The variables selected are those with non-zero coefficients. You can try varying the \(\lambda\) parameter in coef() to see how it changes the variables that are selected along with their coefficients.

8.3.2 Cross-validation of LASSO regression

It is important to remember that \(\lambda\) is a parameter that we need to choose before building a LASSO regression model. The glmnet() function builds many different regression models by varying \(\lambda\) (in our case, the variable lasso is storing the results of 78 different regression models).

Of course, usually we want to identify one good model, and the output doesn’t tell us anything about what value of \(\lambda\) we should use. So how do we select the “best” value of \(\lambda\) in the first place?

The standard approach to picking \(\lambda\) is cross-validation. Recall that the main idea behind cross-validation is as follows:

  1. Pick a value of \(\lambda\),
  2. Randomly split the dataset into 10 different segments called folds,
  3. Build the LASSO regression model using data from 9 folds, and measure its prediction error on the 10th fold that was “left out” from the model building phase,
  4. Repeat by rotating through all 10 folds, and then calculate the average prediction error over the 10 folds. This produces a single number – the cross-validation error – which we can interpret as a measure of model performance (under the value of \(\lambda\) that we have selected).
  5. Repeat steps 1 through 4 for many different values of \(\lambda\), and pick the value that achieves the desired balance between predictive performance and model complexity (discussed more below).

Luckily, the glmnet package comes with a built-in function for cross validation, so we can perform the above steps in a single line!

cv.lasso <- cv.glmnet(x,y, type.measure="mae")

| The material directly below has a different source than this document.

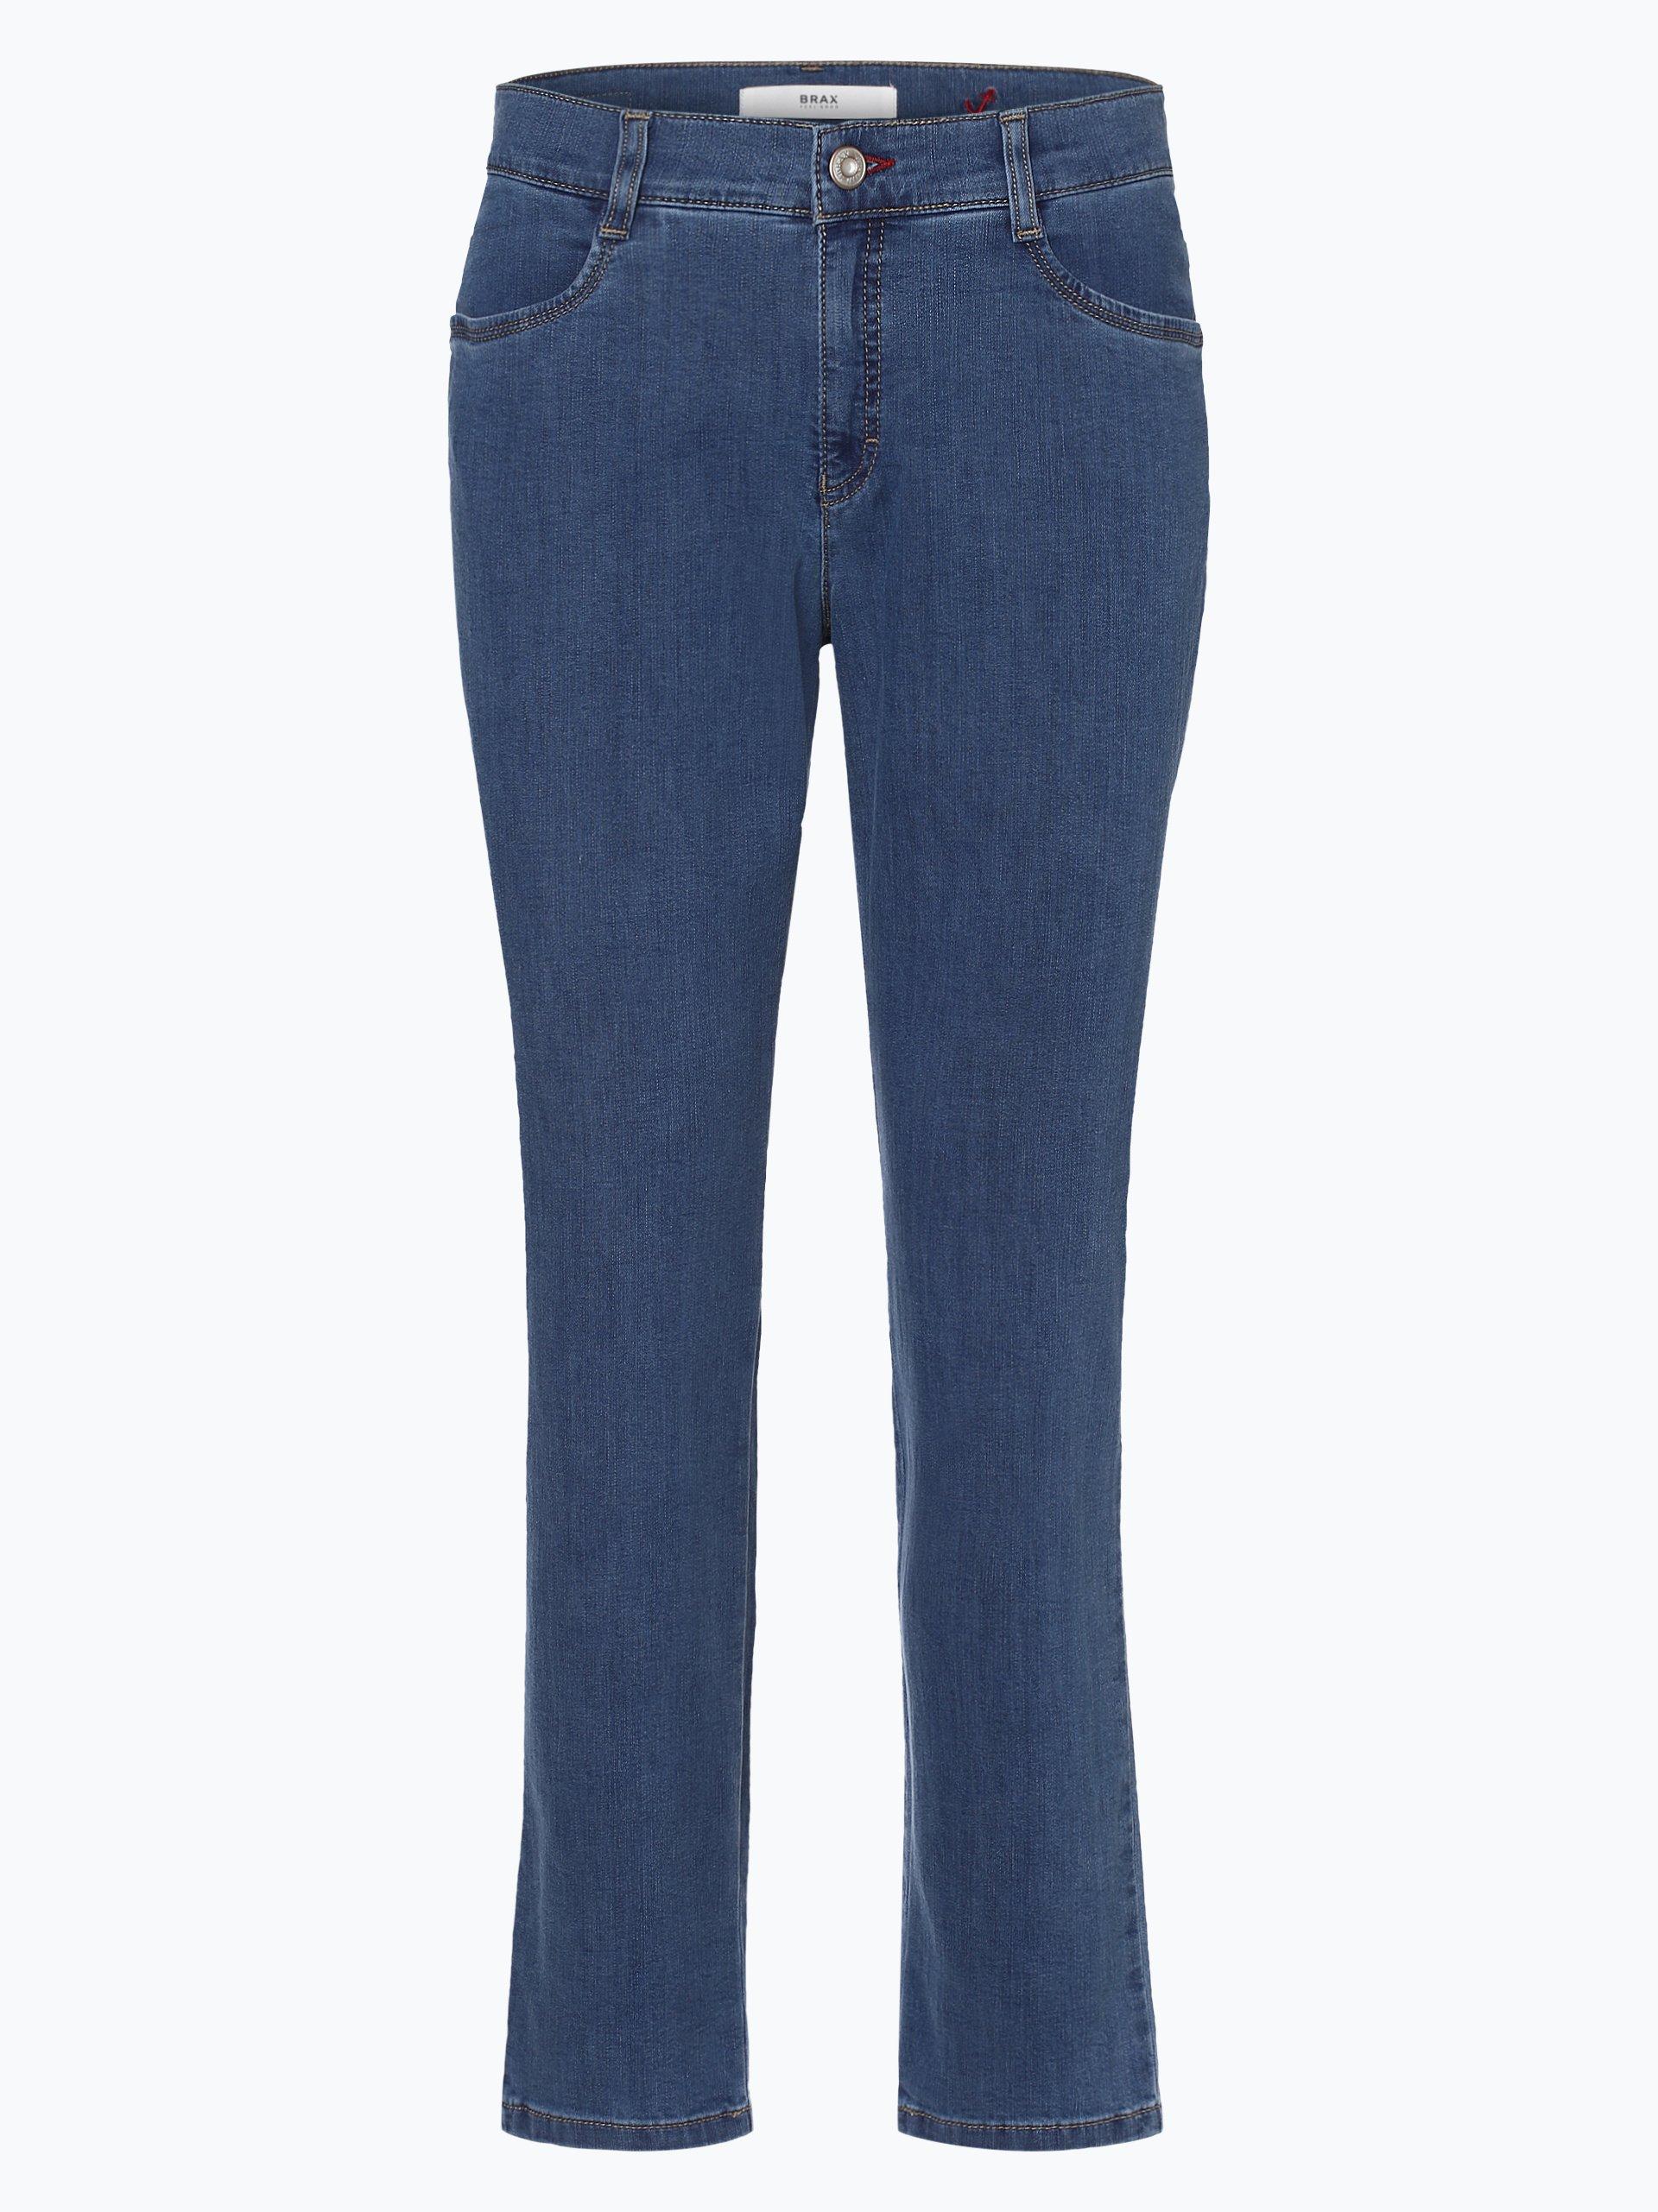 BRAX Damen Jeans - Siri

Next, we can use plot() to visualize the cross-validation errors:

plot(cv.lasso)

The horizontal axis of the plot shows different values of \(\lambda\) (by default, this is given in terms of \(log(\lambda)\) instead of \(\lambda\), which just makes the results easier to visualize). The vertical axis reports the associated cross-validation error. Across the top of the plot, we can also see the number of variables that are selected at each value of \(\lambda\). The dashed line on the left indicates the value of \(\lambda\) that achieves the minimum cross-validation error, which is what we would usually choose as our “final” model.

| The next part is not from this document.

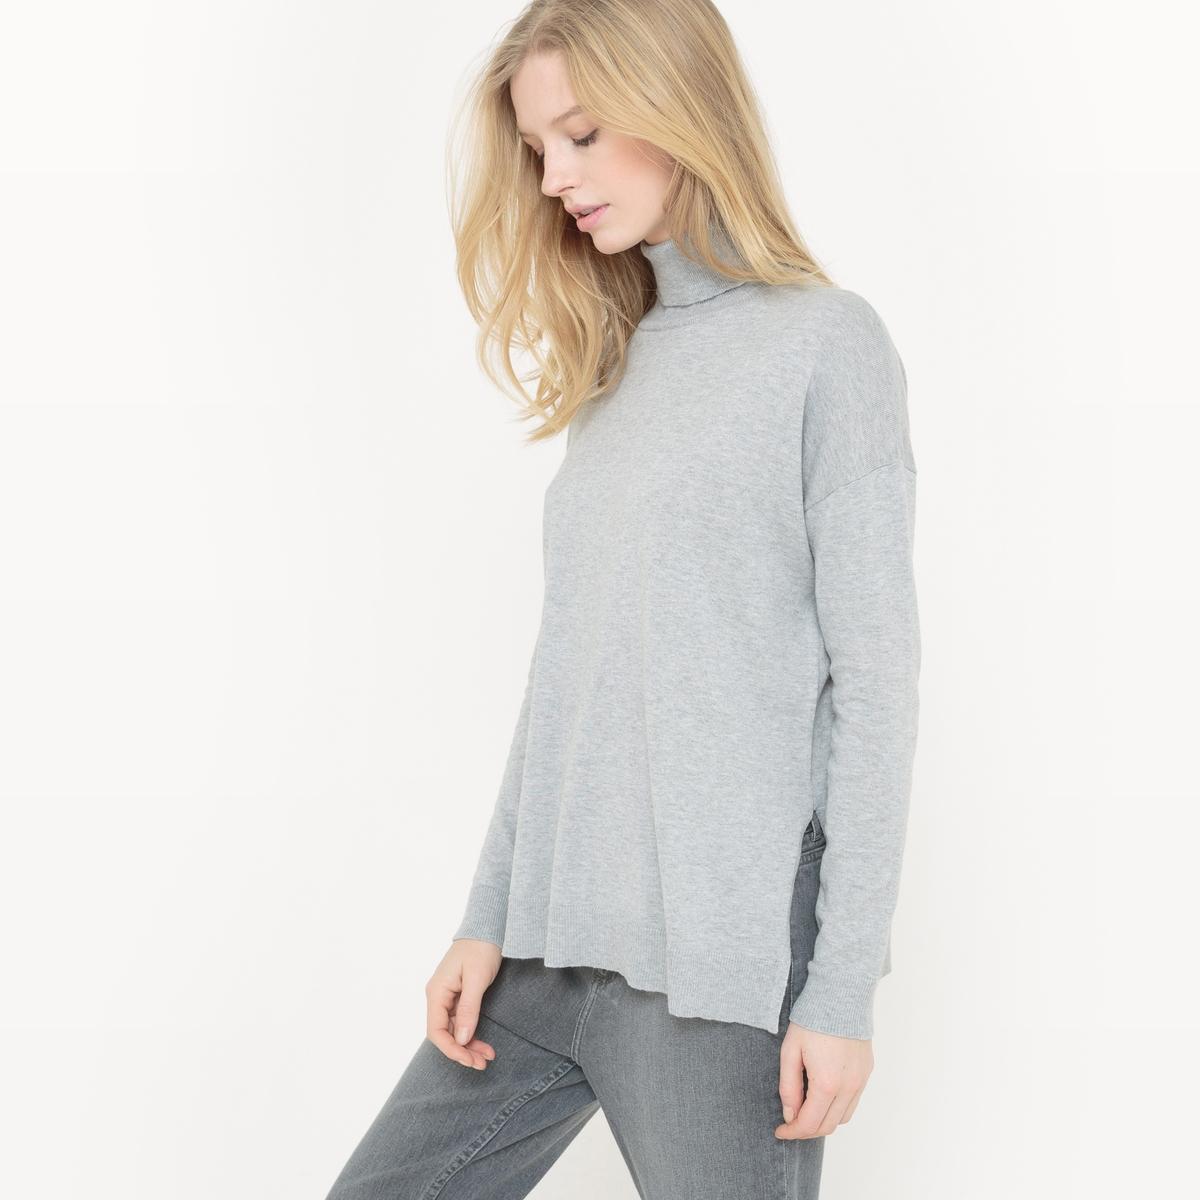 Camisola com gola alta, algodão/seda

To print the values of \(\lambda\) corresponding to the minimum cross-validation error, we write

print(cv.lasso)
## 
## Call:  cv.glmnet(x = x, y = y, type.measure = "mae") 
## 
## Measure: Mean Absolute Error 
## 
##     Lambda Index Measure    SE Nonzero
## min  4.749    23   28.13 5.133      10
## 1se 12.040    13   32.93 5.209       4

The table above shows that the cross-validation error is minimized at a value of \(\lambda = 4.7\), which produces a mean absolute error of $28 and selects 10 variables. A general rule of thumb is to select the value of \(\lambda\) that minimizes the error, but ultimately, the decision of which value of \(\lambda\) to use for the final model depends on your preference for how to balance model complexity and prediction error.

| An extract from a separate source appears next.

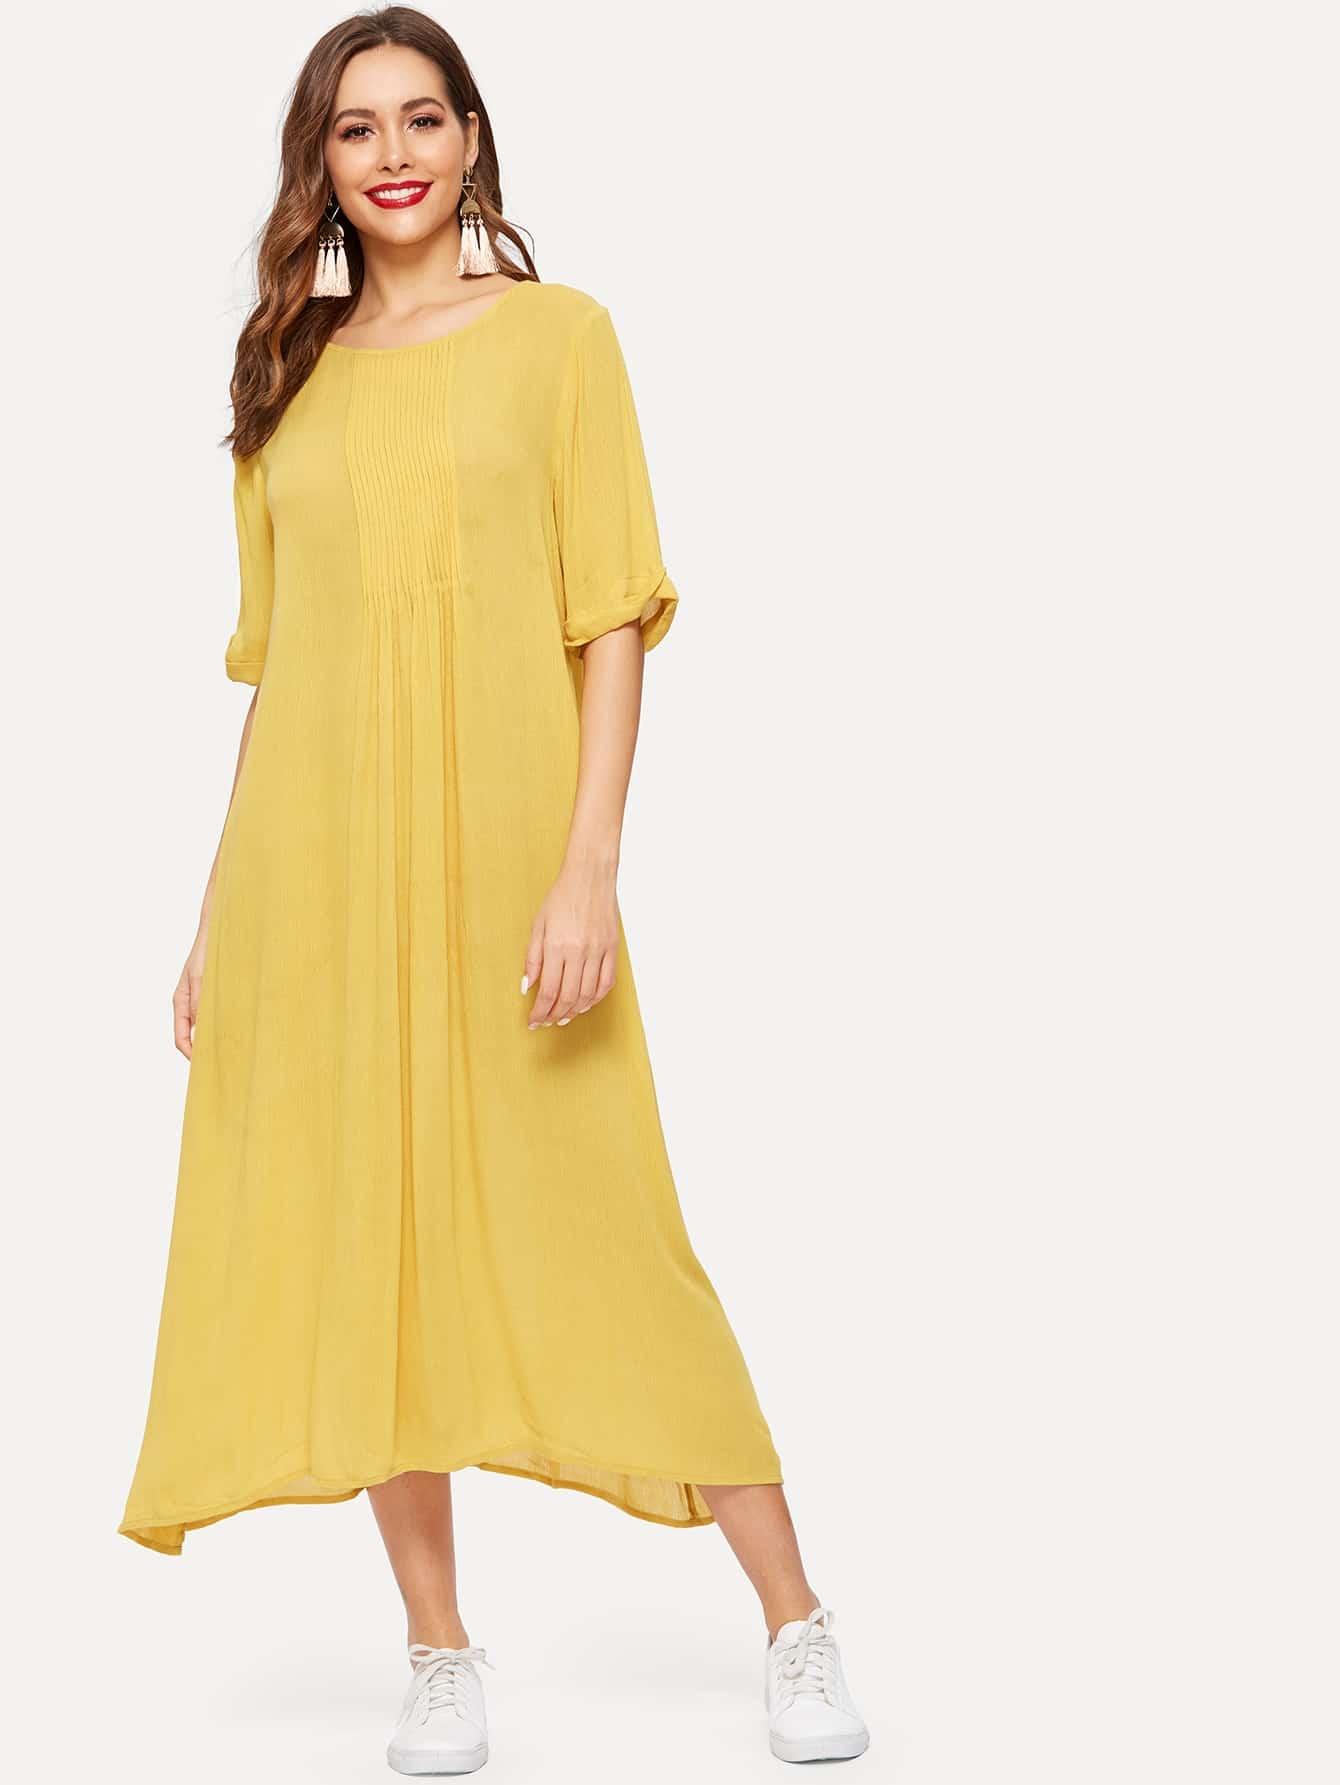 Купить Однотонное платье со складками, Giulia, SheIn

Forward selection, backward elimination, and LASSO regression are three common approaches to variable selection. An advantage of forward selection and backward elimination is that they do not require choosing a value of \(\lambda\) through cross-validation, which LASSO does. An advantage of LASSO is that it can be computationally much faster than stepwise regression when there are a large number of variables to choose from.

Regardless of which approach we use, it is important to remember there is no “one-size-fits-all” approach to variable selection. These methods should be used as helpful guides only, and we should always aim to incorporate background knowledge and domain expertise into the variable selection process wherever possible.